Comment by goobatrooba
3 hours ago
Either Google changed the text or you editorialised it a tiny bit - just for all others that got excited, they mean 16GB VRAM. So a premium graphics card requiring a >2500€ device is the minimum to run this.
Still progress, but not quite democratic yet.
Weird though that Google might be cannibalising it's own AI subscription service?
I've bought a laptop for <1500€ that came with 32GB of RAM and an RTX 3080 with 16GB or VRAM. So I don't think >2500€ device is necessary, though I'm certain it would yield better and faster results.
I haven't tried this model yet, but I can run Gemma 31B w/ the MTP drafter in pure CPU at about 10tok/s so this should run at about 20-30tok/s on a decent CPU, it'll probably run at >50tok/s on any Mac that can fit it, and lots of people have a gaming GPU with enough VRAM. In terms of access to hardware being a gate, it's one you can hop pretty easily.
Could you outline how you are running the MTP drafters? I've tried LM Studio but no dice there. I'm probably missing something but I think llama.cpp and Ollama can't do it yet either?
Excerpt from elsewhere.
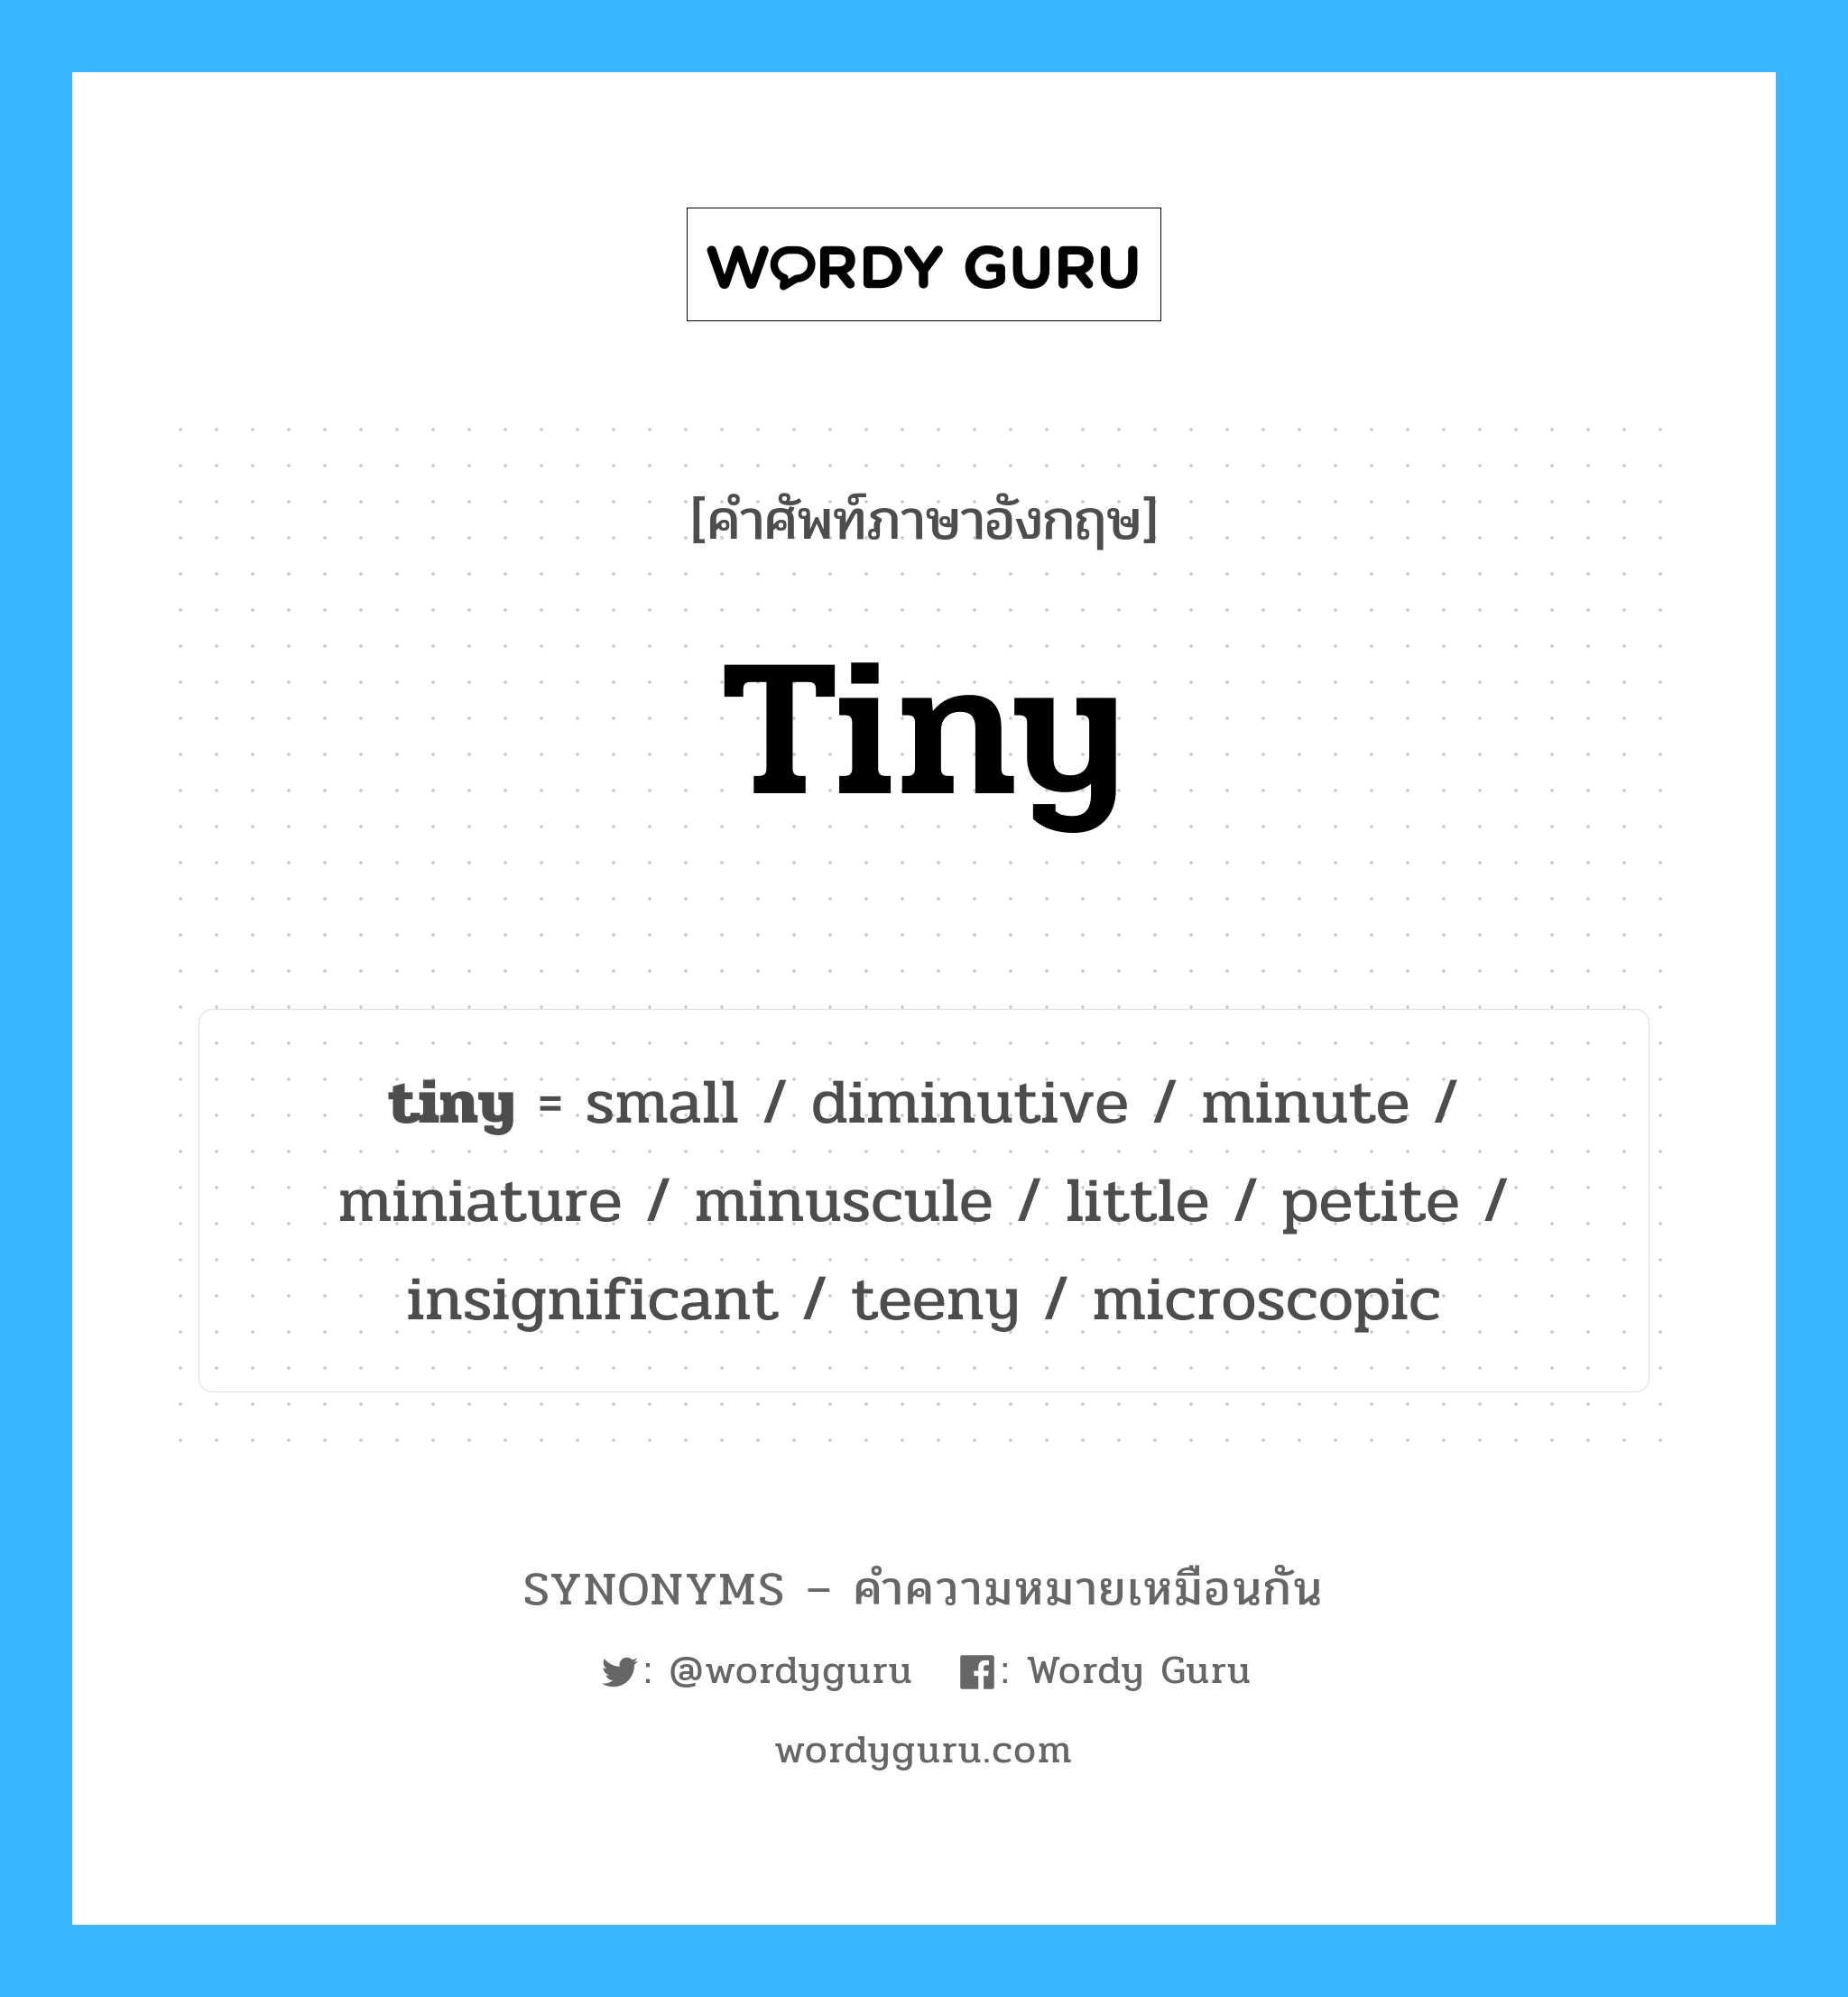 little เป็นหนึ่งใน tiny และมีคำอื่น ๆ อีกดังนี้, คำศัพท์ภาษาอังกฤษ little ความหมายคล้ายกันกับ tiny แปลว่า เล็ก ๆ น้อย ๆ หมวด tiny

I just build llama.cpp from scratch on the PR that has MTP drafters.
https://github.com/ggml-org/llama.cpp/pull/23398
Please don't use Ollama, it's a bad actor in the OSS community.
3 replies →
I haven't yet pushed the MTP enabled gemma4 12b model for Ollama because in my testing I wasn't getting a performance bump. The other gemma4 MTP models should work OK right now, but there are some fixes we're just about to push. This is specifically for the MLX backend.
1 reply →
can‘t speak to compatibility with this new model, but oMLX supports MTP drafters very well.
1 reply →
Google is an advertising company first and foremost. At some point, these local models have to fit into that umbrella. I don't quite know how yet, but its going to happen.
That being said, the real value in paid plans is that you get ecosystem integration that can read your gmail, photos, docs, and so on.